**Work item:**
Would you transcribe exactly the lines from the one containing "Émile Gallé  (French, 1846 - 1904)" to the last line of the data below, both ends included, but none of the pictures?

**Data supplied:**

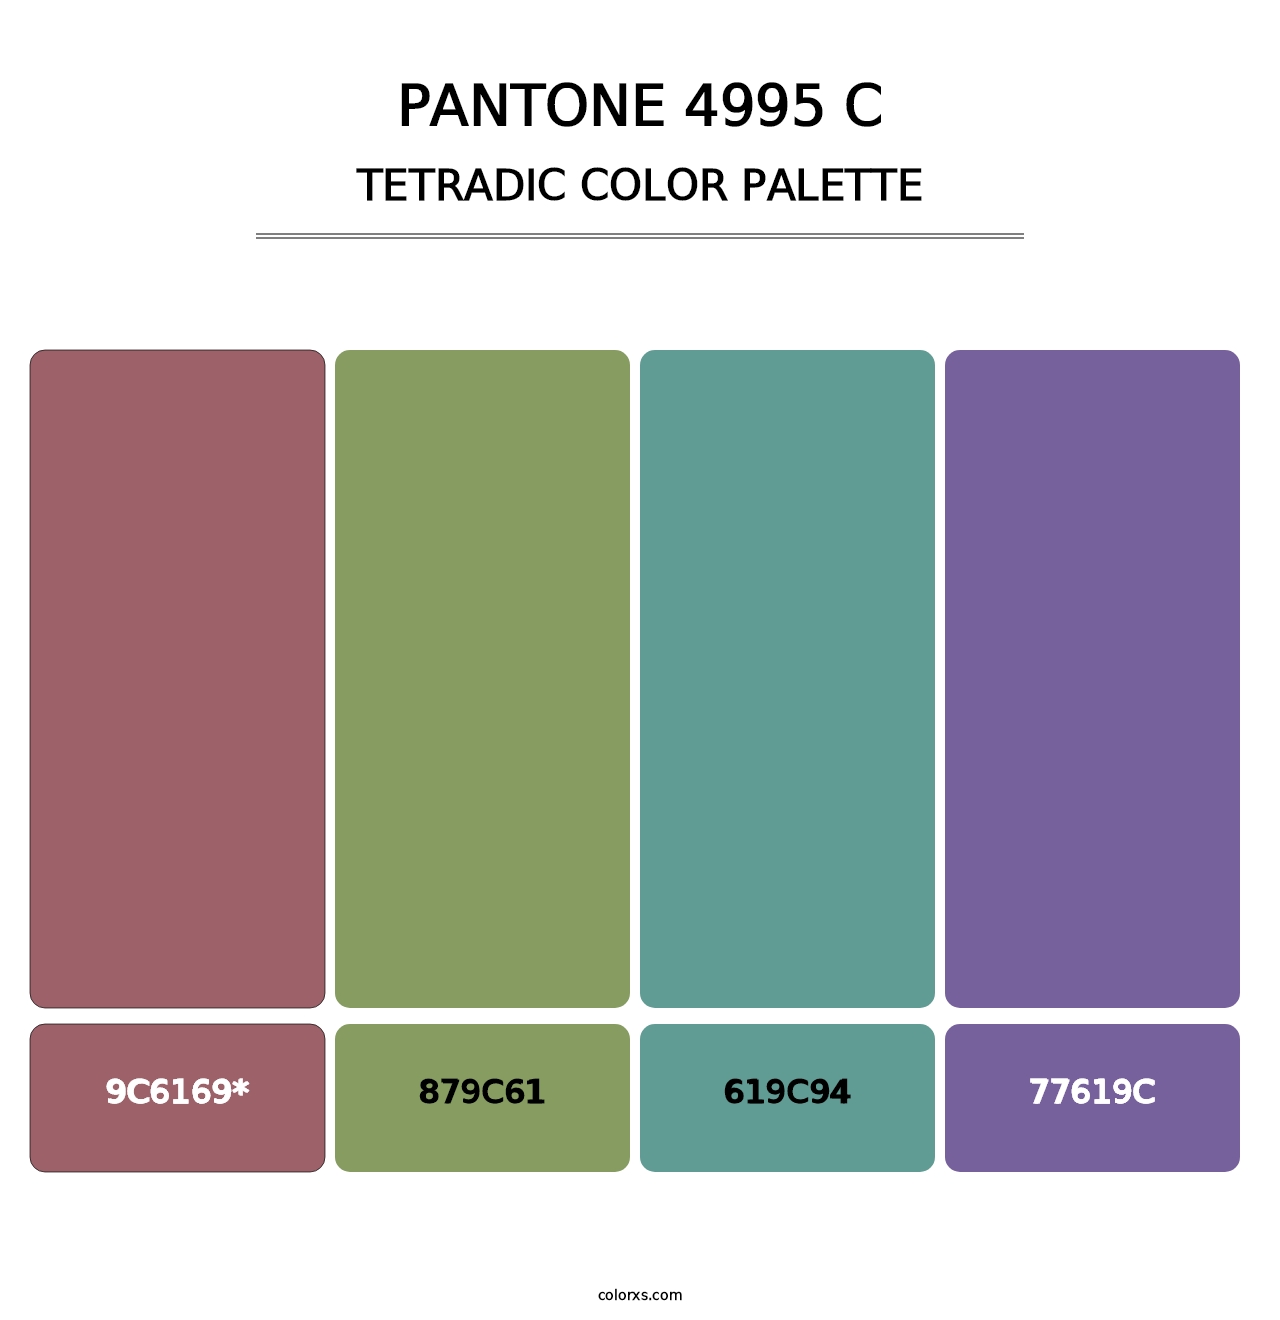 PANTONE 4995 C - Tetradic Color Palette
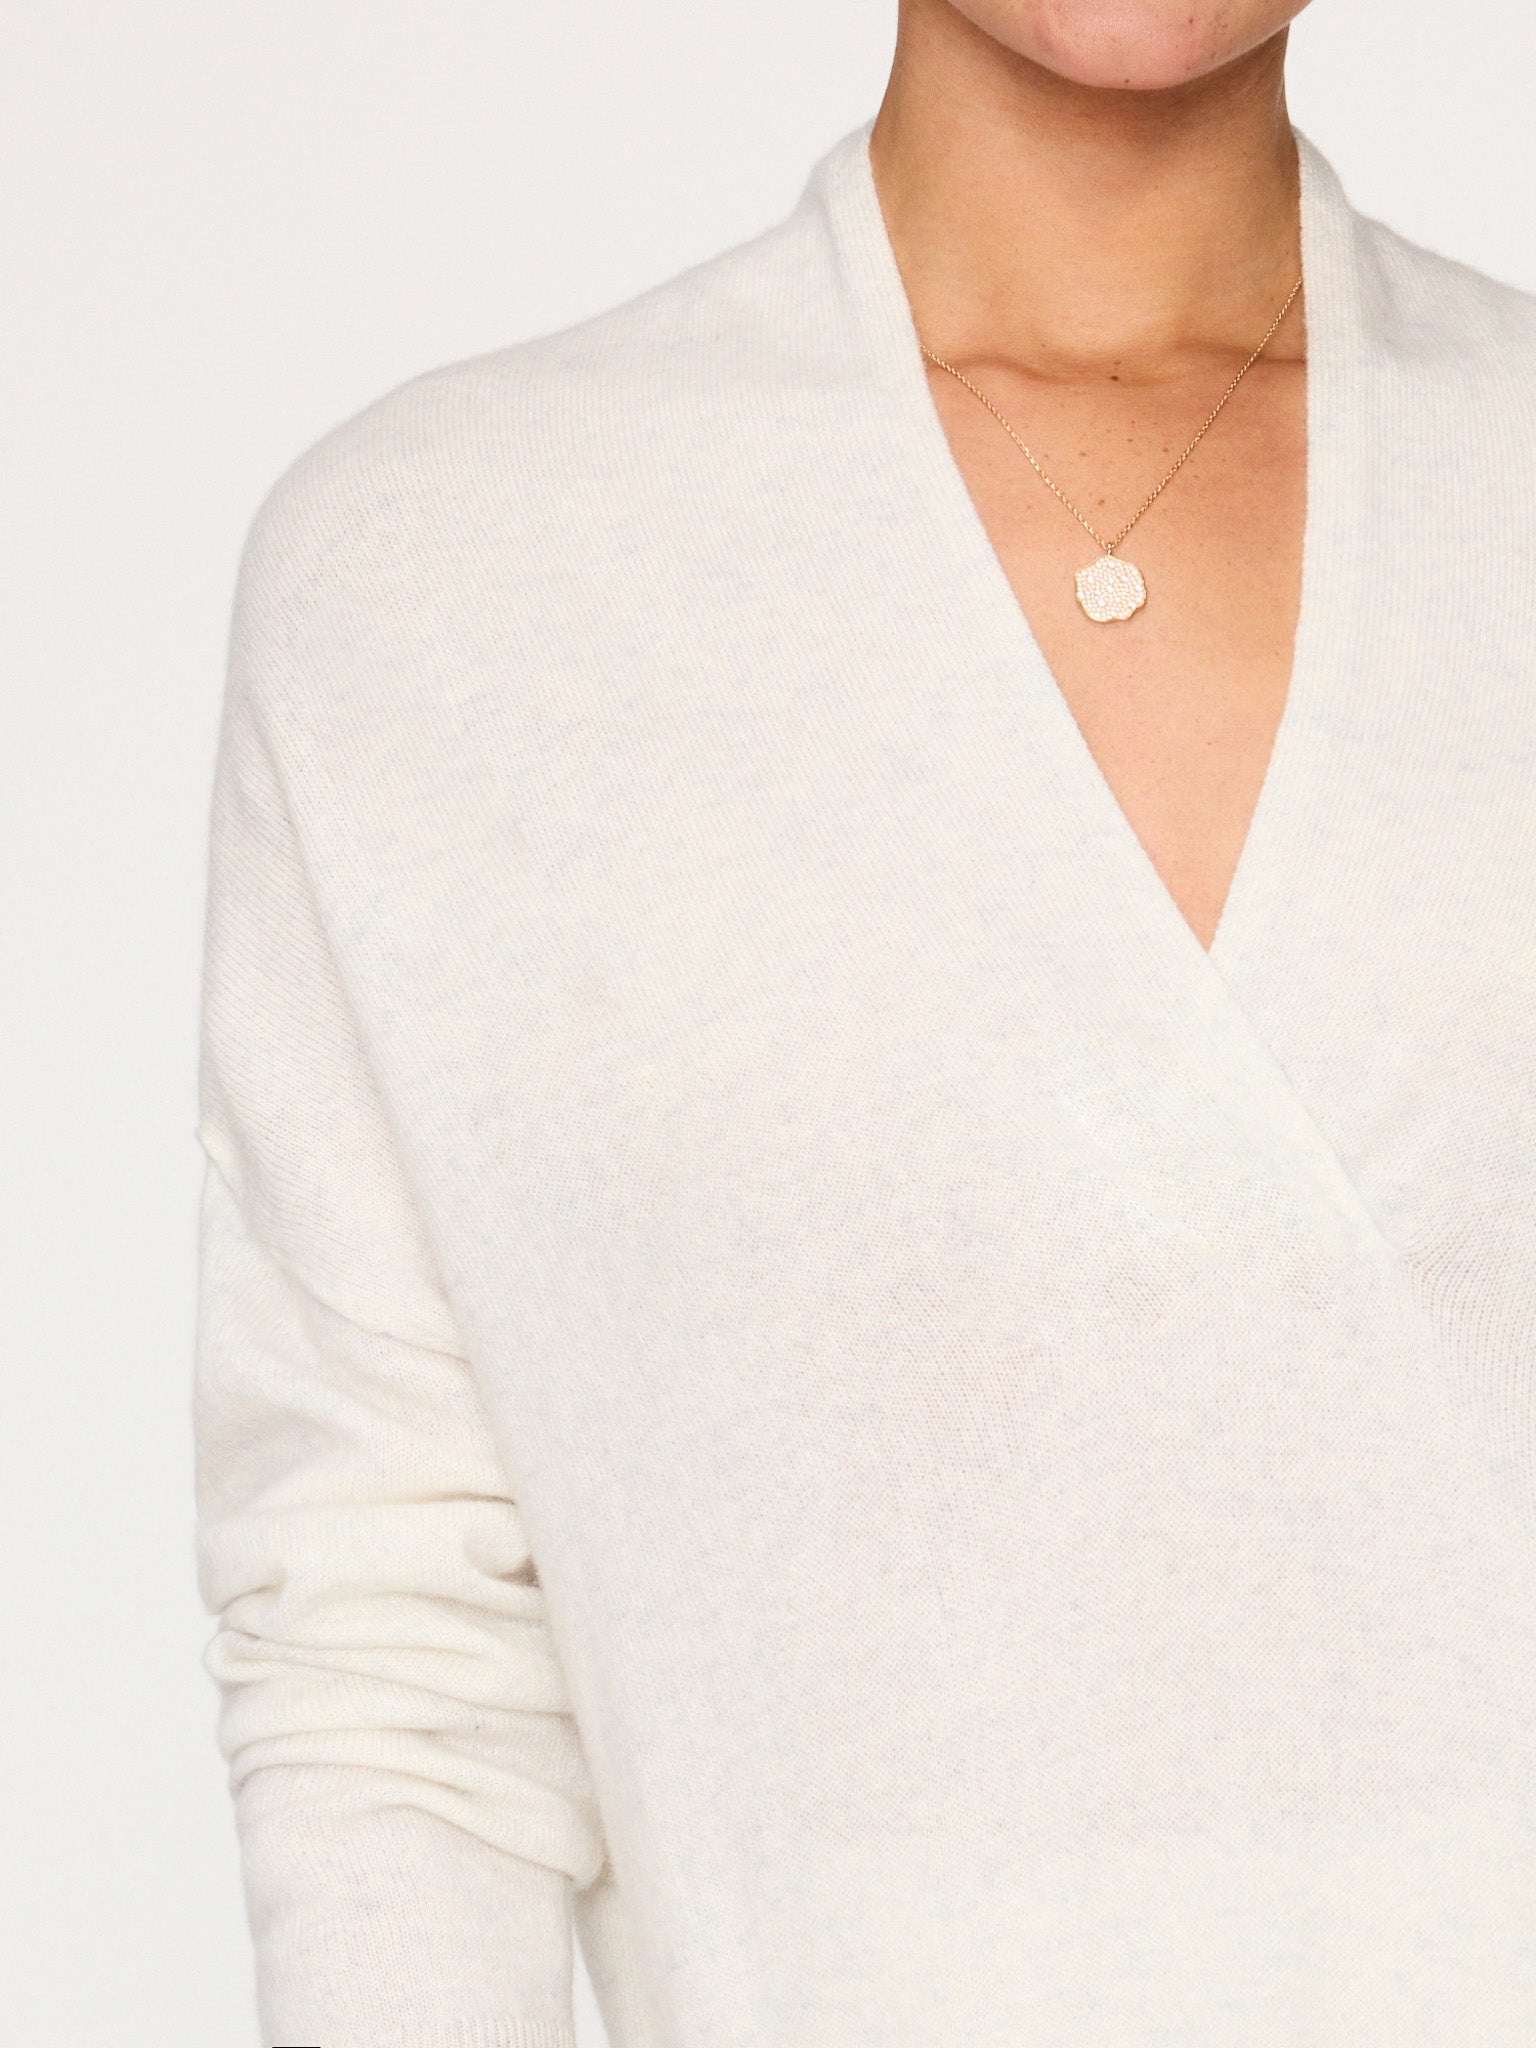 Siena v-neck pullover white sweater close up 
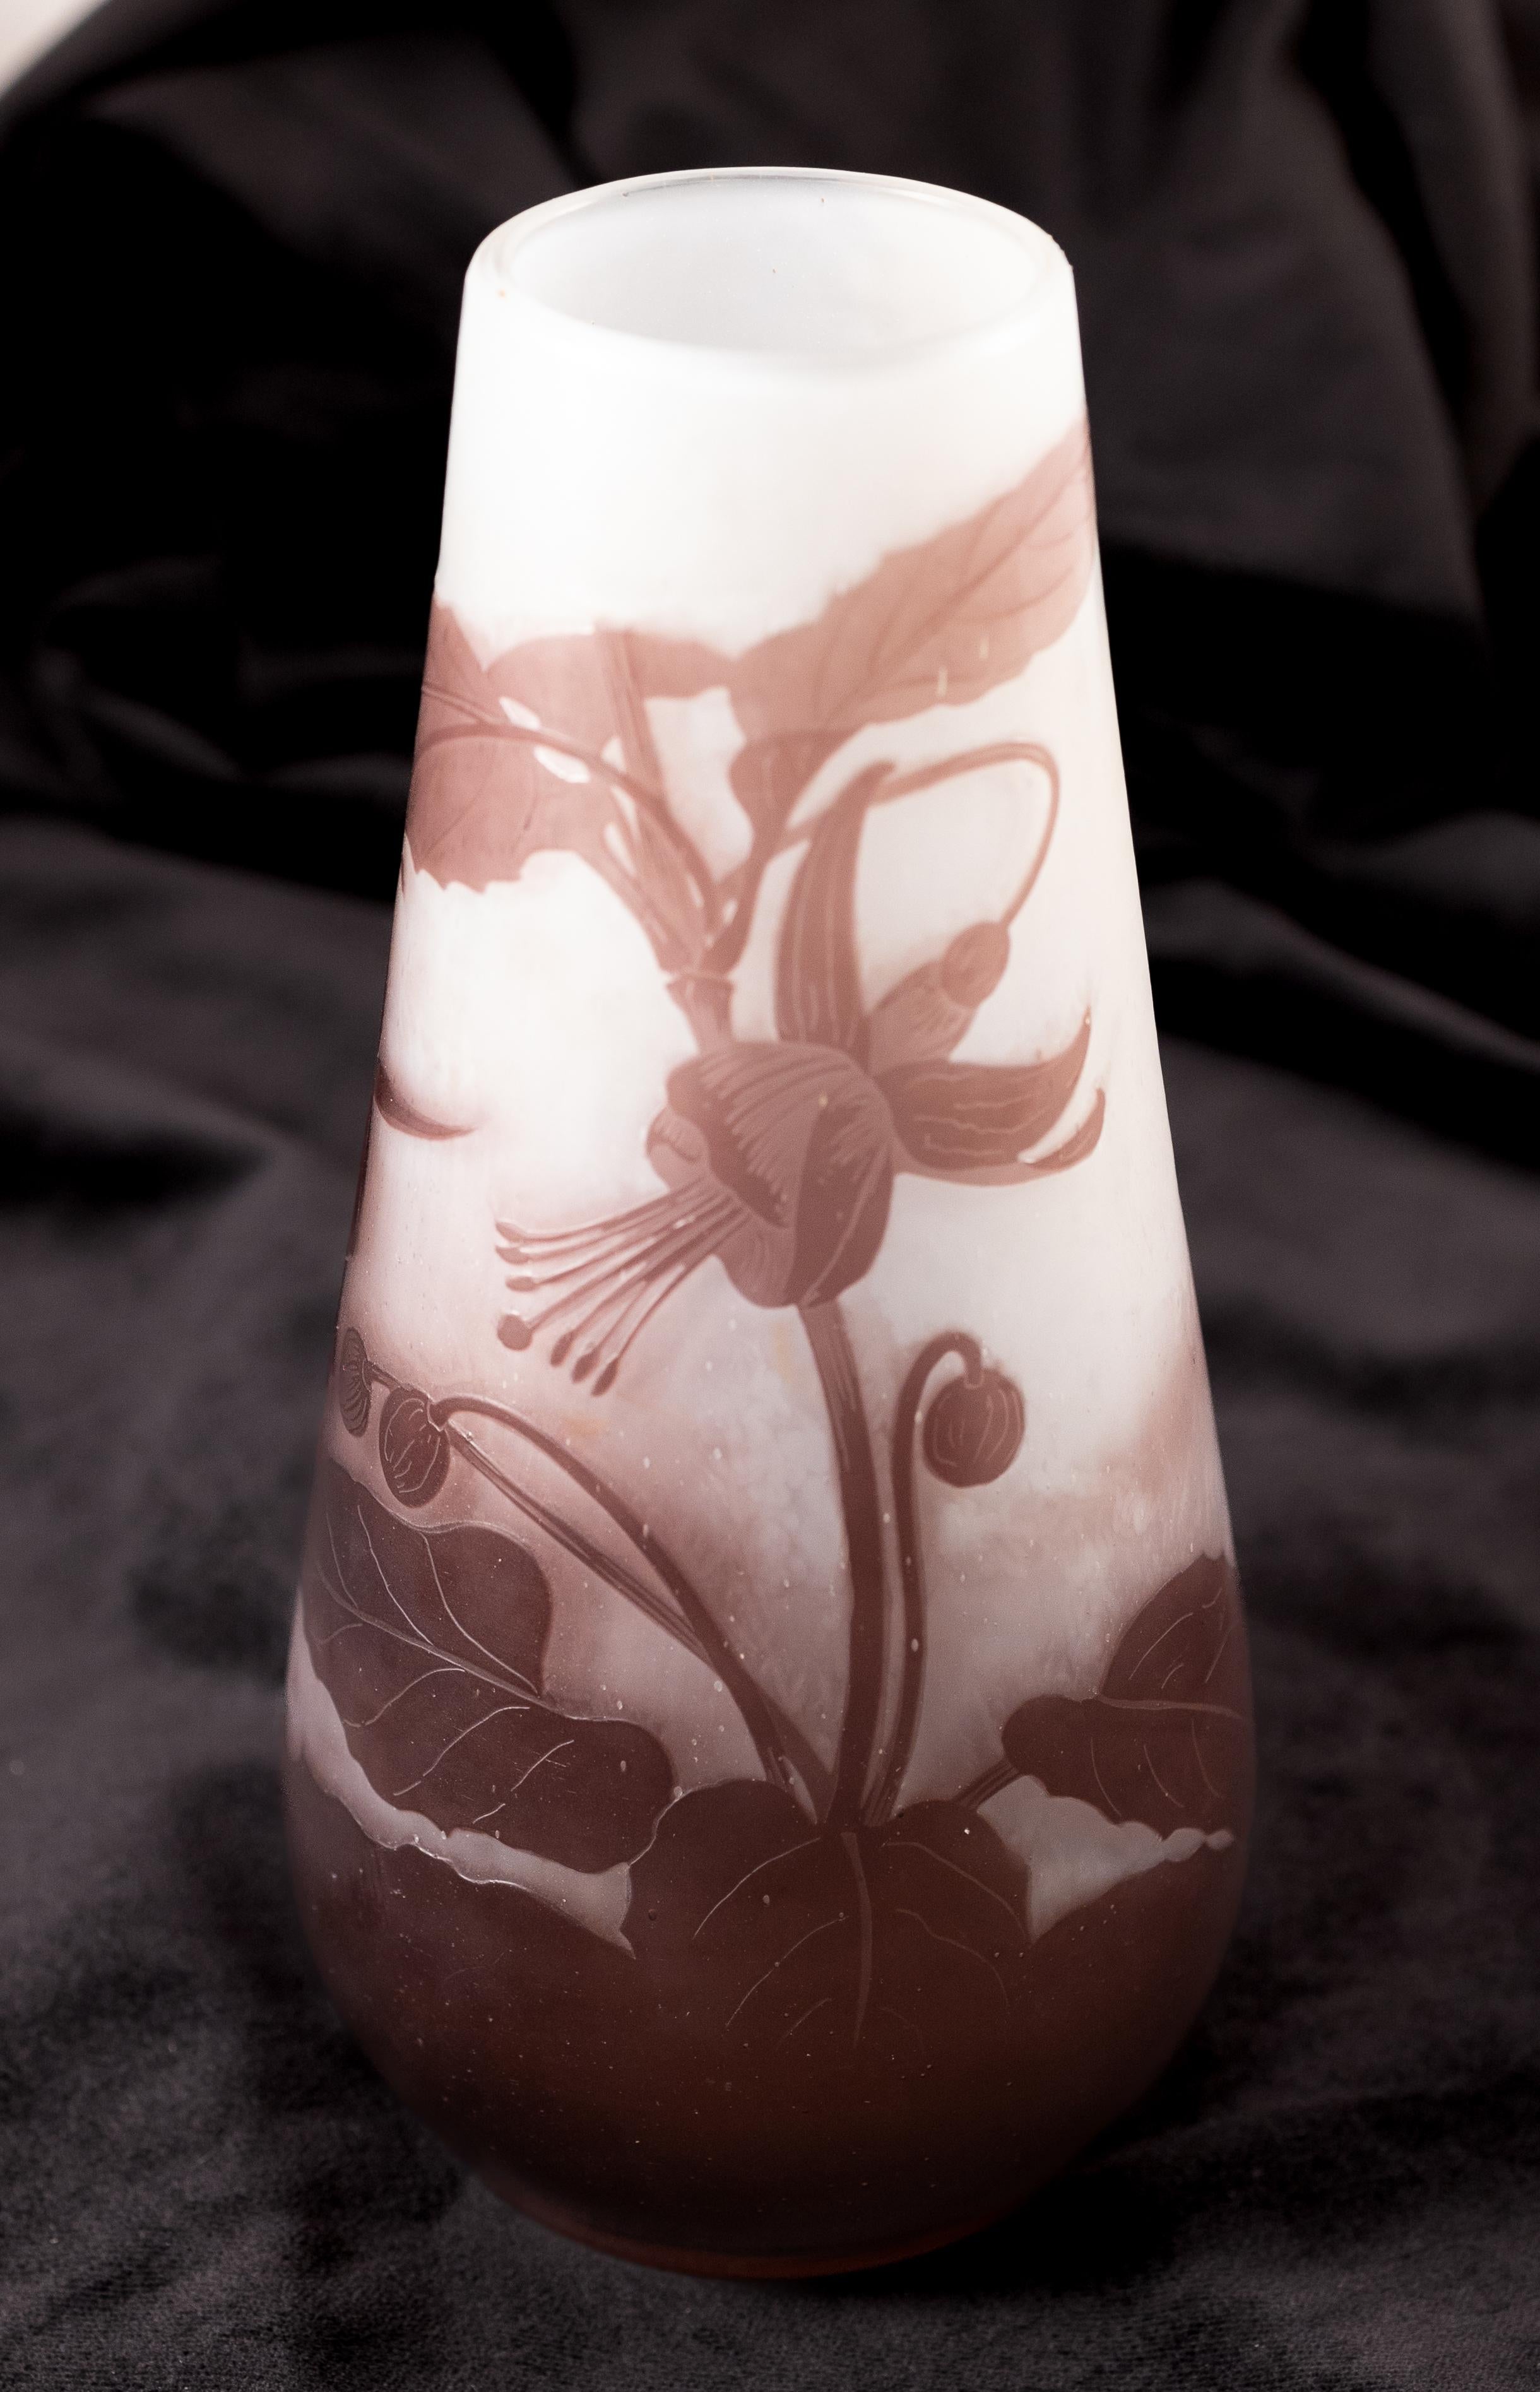 Émile Gallé  (French, 1846 - 1904)
Title:                       Art Nouveau Glass Vase Fuschias
Medium:                           Cameo Glass Vase
Size:        
Height                         8.5 inches
Diameter at Base             3.5

**Output for this exercise:**
 Émile Gallé  (French, 1846 - 1904)
Title:                       Art Nouveau Glass Vase Fuschias
Medium:                           Cameo Glass Vase
Size:        
Height                         8.5 inches
Diameter at Base             3.5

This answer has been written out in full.